Mrsknowitall · 18/05/2024 10:25

he is lying to you, if you are going to stay with him you need to say to him, either show me the message or shut the fuck up and leave me alone, until I see the message I won’t believe that one was sent.
I had an ex once that used to try and play with my mind like this and I would be questioning things for weeks/months, even now I still think about it and think was he telling the truth and we are 24 years down the line

NowThatYoureGone · 18/05/2024 10:40

I have experience of this.
The gaslighting turned into violence. I have hearing loss because of him.
I hadn't done any of the things he accused me of either. But at one point I actually believed I had....
My mental health was fucked. I'd find myself crying, not knowing I was doing it.
Please don't be me.
Love yourself first 🌺

Noseybookworm · 18/05/2024 12:28

Nl88 · 17/05/2024 21:25

@Hadjab i never ever found out what it was the last time I just found myself reassuring him and sort of fighting my way back in to his good books like I had to prove myself somehow. I just can’t understand why he would make it up but also can’t understand why he wouldn’t just give me all the information and show me if he had something.

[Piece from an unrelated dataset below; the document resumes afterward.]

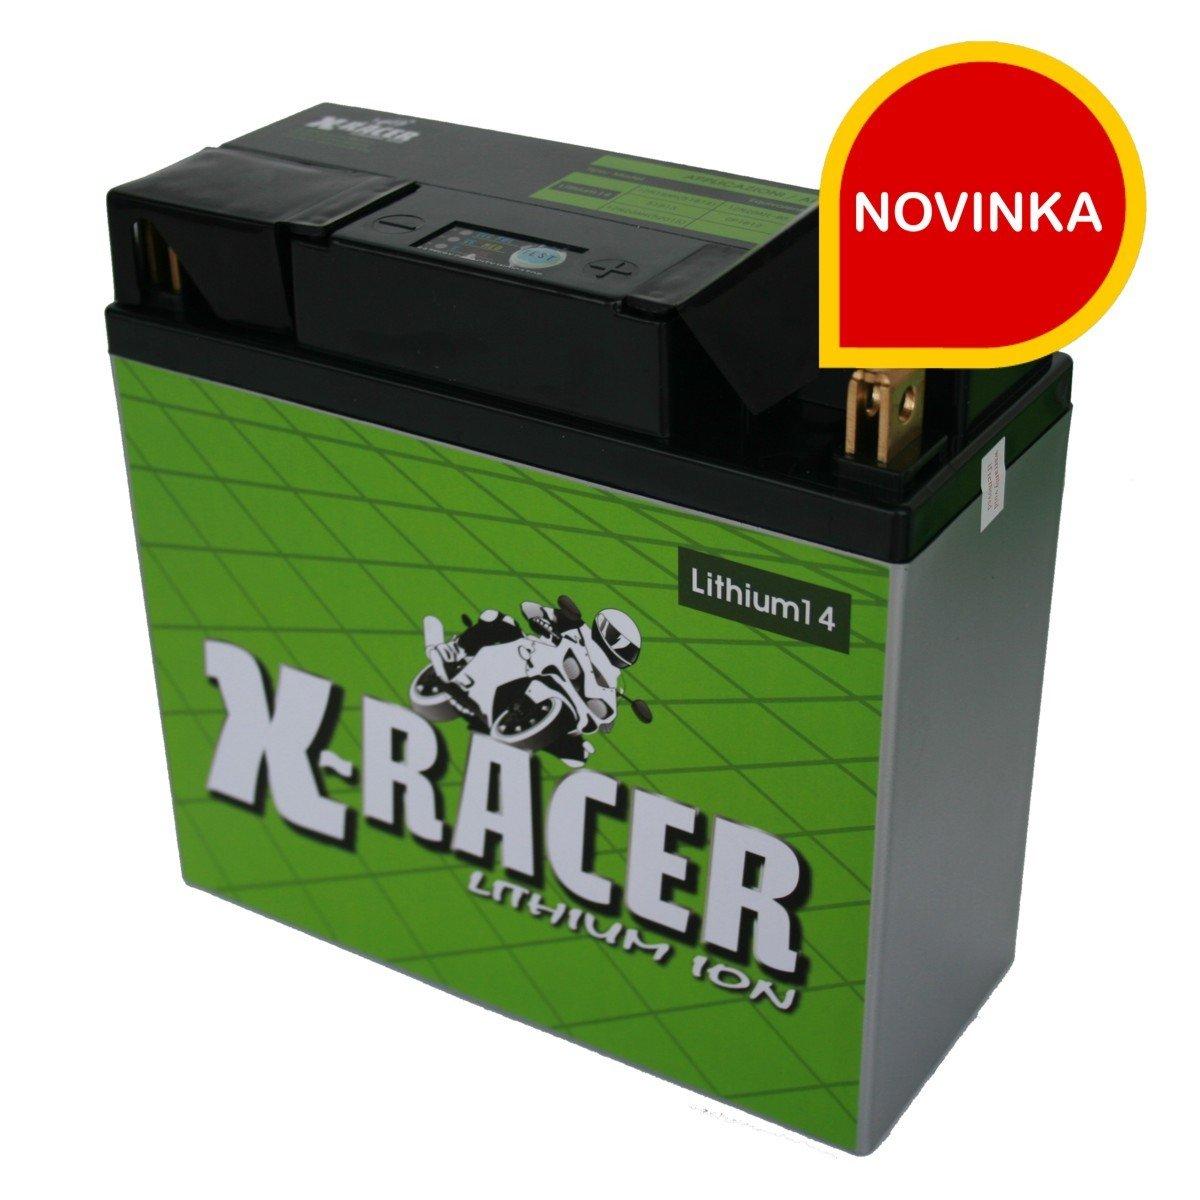 X-RACER Lithium14

Well there's your first mistake! Why were you fighting to get back into his good books when you'd done nothing wrong? He obviously enjoys making you grovel and fawn over him in your attempts to win him over. This nasty fucker is playing mind games with you. Call his bluff, tell him to show you evidence or you are just not going to believe him. Then carry on as normal and refuse to get drawn into any discussions about it. Tell him if he doesn't like it he can fuck off. He sounds like an arsehole and you sound like you need to get some backbone and kick him to the kerb!